*Data excerpts*:
_ _ _ _

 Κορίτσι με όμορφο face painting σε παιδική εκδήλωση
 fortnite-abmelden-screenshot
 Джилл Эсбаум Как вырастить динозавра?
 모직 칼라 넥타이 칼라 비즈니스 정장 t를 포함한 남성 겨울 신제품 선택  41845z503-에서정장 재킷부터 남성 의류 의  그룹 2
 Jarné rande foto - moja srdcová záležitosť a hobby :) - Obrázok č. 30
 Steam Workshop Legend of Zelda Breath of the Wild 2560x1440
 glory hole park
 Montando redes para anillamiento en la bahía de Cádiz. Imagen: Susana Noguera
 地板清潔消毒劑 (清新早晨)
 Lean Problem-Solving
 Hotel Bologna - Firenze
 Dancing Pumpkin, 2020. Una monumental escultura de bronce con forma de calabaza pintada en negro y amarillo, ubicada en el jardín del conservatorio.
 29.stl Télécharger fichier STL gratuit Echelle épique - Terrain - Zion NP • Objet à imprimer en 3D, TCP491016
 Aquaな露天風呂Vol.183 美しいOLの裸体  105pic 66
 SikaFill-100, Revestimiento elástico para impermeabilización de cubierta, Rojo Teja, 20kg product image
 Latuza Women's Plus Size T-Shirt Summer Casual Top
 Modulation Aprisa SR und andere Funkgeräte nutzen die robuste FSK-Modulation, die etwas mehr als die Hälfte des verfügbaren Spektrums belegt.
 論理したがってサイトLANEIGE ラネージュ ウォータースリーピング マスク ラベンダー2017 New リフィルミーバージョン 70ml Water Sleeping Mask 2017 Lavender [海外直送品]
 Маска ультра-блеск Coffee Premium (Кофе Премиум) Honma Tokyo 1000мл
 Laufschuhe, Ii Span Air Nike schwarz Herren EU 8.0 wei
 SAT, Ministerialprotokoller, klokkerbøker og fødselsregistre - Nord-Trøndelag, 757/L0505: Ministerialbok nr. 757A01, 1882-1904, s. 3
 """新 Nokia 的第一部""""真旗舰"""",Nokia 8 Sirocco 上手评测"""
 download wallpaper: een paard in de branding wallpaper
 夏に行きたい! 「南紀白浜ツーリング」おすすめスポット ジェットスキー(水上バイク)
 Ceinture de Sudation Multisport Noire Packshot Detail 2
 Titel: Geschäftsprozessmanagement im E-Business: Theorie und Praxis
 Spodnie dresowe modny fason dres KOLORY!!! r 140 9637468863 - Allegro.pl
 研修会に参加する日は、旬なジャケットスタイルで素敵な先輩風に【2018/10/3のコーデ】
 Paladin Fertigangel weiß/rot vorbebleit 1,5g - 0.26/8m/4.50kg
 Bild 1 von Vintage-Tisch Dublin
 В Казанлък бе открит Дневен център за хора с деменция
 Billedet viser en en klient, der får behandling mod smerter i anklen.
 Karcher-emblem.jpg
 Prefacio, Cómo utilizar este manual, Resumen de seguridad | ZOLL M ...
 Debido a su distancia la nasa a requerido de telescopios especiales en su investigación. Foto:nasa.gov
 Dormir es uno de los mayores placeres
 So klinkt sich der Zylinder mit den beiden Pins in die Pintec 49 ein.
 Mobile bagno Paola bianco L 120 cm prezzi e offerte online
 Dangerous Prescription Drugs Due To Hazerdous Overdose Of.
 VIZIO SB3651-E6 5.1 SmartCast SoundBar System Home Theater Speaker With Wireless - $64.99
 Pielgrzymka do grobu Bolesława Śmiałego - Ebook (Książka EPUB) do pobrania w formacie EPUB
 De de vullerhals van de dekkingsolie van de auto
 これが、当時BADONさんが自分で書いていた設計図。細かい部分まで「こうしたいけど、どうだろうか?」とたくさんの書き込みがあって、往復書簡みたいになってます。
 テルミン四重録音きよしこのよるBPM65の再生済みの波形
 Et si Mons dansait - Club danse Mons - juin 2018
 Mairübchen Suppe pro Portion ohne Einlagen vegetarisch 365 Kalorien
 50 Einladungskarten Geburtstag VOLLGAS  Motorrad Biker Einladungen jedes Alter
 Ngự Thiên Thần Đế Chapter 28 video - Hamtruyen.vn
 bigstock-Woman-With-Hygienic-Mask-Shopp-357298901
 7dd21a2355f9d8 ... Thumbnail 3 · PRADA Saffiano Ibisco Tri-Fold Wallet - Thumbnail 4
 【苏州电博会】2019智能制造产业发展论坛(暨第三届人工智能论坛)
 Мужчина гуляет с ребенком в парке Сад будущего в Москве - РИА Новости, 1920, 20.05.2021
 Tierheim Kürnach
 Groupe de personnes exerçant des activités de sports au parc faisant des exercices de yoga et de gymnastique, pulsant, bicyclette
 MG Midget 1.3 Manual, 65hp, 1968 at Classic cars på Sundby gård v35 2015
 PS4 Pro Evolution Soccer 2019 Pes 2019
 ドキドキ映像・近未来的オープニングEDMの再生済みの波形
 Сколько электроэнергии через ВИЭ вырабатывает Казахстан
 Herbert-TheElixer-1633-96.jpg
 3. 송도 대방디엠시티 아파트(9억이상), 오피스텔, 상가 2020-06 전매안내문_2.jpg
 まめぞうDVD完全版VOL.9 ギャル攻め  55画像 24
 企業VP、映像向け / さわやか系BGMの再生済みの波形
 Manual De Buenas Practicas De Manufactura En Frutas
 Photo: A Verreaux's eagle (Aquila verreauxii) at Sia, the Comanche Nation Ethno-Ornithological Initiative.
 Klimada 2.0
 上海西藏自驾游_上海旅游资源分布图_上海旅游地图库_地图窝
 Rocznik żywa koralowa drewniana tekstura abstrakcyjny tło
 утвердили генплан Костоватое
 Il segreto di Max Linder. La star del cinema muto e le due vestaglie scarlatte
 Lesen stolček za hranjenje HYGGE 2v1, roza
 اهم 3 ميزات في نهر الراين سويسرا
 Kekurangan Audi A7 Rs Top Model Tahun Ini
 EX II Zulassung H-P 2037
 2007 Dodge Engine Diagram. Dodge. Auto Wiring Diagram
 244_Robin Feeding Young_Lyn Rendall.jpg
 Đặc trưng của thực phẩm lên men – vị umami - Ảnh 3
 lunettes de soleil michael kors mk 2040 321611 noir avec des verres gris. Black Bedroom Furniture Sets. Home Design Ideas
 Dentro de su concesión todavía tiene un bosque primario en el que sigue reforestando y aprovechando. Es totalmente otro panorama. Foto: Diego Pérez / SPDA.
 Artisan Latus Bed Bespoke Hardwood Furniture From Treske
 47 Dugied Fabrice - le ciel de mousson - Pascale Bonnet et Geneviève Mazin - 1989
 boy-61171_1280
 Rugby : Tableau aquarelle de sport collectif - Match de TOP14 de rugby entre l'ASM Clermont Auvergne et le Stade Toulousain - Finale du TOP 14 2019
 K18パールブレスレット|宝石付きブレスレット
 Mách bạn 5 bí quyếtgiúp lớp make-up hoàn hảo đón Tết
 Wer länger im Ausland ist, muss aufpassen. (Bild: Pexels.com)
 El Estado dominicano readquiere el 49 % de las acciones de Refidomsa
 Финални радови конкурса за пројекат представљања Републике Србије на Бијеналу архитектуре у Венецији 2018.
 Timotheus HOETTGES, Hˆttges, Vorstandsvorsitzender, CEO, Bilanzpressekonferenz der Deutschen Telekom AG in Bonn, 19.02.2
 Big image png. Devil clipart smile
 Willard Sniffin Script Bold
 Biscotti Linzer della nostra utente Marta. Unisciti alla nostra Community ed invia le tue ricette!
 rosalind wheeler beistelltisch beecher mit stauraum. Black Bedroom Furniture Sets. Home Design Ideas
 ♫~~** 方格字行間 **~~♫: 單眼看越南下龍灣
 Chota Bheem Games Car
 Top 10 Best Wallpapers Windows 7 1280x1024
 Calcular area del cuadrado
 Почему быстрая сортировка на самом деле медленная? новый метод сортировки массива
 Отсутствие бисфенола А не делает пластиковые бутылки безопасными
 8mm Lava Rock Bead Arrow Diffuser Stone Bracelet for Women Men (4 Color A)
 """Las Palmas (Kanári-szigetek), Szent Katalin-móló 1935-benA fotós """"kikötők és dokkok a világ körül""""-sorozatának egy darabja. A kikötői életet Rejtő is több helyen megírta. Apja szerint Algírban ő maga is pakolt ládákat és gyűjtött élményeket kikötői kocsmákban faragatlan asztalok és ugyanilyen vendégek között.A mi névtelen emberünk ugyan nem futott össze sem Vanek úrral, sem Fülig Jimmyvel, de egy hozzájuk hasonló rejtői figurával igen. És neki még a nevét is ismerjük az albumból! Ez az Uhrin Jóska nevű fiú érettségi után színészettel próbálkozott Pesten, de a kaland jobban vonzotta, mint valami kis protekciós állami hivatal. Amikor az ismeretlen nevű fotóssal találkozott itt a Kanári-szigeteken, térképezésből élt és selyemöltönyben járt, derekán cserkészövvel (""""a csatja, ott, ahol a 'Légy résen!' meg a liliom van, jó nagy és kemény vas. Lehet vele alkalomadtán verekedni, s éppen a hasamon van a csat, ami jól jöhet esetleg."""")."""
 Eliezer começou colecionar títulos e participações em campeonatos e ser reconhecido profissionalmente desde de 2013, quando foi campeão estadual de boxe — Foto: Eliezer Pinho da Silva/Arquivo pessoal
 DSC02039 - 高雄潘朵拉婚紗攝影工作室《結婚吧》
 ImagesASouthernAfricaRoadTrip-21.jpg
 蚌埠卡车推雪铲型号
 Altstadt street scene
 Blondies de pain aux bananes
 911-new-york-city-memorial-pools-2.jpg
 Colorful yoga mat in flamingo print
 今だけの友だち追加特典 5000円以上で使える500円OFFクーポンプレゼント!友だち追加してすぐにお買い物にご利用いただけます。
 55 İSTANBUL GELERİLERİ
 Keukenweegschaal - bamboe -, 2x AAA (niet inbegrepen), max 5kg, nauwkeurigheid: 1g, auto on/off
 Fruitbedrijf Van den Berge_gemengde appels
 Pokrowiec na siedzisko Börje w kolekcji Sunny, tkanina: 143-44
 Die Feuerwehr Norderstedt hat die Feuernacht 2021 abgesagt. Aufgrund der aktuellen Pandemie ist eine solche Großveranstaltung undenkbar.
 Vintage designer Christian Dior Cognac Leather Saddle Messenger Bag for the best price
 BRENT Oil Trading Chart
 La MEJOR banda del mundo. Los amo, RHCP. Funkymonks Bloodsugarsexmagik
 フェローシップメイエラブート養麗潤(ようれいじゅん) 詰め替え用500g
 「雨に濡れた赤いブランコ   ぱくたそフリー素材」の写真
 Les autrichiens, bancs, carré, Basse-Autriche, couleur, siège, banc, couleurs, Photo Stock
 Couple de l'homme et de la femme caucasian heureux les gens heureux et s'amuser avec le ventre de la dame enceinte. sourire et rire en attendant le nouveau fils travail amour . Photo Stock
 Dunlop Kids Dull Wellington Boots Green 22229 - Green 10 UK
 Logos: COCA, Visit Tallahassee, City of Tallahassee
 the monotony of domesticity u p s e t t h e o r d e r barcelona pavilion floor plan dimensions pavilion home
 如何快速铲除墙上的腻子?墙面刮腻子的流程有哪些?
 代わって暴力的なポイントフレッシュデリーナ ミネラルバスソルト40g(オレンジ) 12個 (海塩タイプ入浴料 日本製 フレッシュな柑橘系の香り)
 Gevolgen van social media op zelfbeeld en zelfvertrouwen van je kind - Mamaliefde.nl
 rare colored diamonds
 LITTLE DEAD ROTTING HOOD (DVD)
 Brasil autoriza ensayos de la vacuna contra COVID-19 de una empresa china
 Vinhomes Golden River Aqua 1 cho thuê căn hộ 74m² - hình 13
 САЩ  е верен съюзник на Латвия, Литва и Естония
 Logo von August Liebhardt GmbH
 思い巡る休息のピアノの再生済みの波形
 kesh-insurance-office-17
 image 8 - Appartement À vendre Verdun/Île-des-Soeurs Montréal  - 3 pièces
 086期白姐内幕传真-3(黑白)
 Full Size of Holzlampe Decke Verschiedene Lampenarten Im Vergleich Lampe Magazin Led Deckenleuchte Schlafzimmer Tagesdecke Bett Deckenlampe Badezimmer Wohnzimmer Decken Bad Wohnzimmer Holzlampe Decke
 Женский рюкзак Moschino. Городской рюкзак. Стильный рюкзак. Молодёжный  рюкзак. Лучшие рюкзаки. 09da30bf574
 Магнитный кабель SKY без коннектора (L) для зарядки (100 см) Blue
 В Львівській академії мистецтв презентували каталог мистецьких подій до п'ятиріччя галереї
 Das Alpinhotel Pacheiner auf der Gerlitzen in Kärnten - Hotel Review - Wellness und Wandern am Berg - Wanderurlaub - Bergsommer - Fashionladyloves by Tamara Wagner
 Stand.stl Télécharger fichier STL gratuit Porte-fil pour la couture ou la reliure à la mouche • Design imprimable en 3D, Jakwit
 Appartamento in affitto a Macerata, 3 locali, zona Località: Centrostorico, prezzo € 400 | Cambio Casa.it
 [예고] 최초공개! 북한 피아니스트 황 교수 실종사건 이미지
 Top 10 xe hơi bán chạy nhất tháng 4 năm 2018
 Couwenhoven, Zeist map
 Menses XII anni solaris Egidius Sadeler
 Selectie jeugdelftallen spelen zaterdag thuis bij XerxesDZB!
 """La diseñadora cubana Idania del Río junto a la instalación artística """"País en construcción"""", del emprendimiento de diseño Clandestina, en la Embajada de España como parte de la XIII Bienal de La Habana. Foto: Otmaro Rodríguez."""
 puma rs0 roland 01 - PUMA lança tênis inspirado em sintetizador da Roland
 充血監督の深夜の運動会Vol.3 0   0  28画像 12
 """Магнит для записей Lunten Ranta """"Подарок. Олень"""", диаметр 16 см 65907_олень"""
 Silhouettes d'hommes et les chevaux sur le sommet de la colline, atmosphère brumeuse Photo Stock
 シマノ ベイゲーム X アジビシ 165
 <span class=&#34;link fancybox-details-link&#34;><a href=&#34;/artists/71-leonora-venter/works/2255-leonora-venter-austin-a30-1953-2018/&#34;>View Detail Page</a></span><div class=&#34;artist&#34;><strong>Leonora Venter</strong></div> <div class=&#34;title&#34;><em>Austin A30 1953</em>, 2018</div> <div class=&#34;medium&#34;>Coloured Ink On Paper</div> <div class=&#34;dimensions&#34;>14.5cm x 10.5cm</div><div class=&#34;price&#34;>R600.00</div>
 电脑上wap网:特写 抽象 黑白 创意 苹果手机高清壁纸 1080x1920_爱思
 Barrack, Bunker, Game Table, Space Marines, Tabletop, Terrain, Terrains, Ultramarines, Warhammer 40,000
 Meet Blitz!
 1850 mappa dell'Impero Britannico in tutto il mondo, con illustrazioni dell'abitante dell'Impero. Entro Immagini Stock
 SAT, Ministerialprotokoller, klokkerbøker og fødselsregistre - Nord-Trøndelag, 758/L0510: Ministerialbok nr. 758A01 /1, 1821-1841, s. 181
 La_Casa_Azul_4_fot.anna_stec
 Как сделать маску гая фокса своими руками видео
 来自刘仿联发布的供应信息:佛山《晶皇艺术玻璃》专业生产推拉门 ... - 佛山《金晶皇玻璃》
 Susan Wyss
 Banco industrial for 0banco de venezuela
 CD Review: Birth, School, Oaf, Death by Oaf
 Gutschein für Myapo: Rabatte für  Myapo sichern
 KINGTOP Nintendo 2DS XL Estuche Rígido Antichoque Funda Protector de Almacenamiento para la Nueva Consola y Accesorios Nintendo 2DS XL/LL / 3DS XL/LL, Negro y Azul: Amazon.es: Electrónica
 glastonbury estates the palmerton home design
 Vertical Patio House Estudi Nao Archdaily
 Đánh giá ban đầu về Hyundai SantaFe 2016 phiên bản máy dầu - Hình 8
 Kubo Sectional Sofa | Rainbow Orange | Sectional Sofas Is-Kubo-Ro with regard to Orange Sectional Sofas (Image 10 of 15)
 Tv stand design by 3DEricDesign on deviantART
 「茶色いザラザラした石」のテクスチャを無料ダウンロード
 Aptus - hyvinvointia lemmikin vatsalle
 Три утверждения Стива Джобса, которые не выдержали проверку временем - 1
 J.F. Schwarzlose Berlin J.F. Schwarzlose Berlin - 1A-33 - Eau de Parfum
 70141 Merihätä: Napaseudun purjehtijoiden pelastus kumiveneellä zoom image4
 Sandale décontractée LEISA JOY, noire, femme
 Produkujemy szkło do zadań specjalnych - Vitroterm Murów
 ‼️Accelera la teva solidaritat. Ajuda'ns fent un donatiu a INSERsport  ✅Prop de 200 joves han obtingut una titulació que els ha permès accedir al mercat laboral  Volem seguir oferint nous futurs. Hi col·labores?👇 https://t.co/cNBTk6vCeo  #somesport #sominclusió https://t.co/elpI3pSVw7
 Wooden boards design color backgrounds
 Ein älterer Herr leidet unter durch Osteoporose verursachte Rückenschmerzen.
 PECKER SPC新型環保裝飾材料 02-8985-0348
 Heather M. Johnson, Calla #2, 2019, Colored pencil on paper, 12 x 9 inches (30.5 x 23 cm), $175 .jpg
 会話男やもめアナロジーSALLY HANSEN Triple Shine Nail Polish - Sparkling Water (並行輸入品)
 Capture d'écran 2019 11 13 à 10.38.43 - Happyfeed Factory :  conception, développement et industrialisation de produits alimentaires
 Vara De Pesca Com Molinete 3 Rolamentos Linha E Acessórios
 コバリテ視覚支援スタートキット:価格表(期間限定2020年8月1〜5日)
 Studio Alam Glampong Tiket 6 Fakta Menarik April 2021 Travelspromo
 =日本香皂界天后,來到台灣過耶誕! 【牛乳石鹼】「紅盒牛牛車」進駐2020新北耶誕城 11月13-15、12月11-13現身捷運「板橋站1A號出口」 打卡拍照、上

_ _ _ _

*What you need to do*: In the data above, find the line with "Mobile bagno Paola" and the line with "Et si Mons dansait". Retype both, plus every line between them, exactly.

*Your response*:
 Mobile bagno Paola bianco L 120 cm prezzi e offerte online
 Dangerous Prescription Drugs Due To Hazerdous Overdose Of.
 VIZIO SB3651-E6 5.1 SmartCast SoundBar System Home Theater Speaker With Wireless - $64.99
 Pielgrzymka do grobu Bolesława Śmiałego - Ebook (Książka EPUB) do pobrania w formacie EPUB
 De de vullerhals van de dekkingsolie van de auto
 これが、当時BADONさんが自分で書いていた設計図。細かい部分まで「こうしたいけど、どうだろうか?」とたくさんの書き込みがあって、往復書簡みたいになってます。
 テルミン四重録音きよしこのよるBPM65の再生済みの波形
 Et si Mons dansait - Club danse Mons - juin 2018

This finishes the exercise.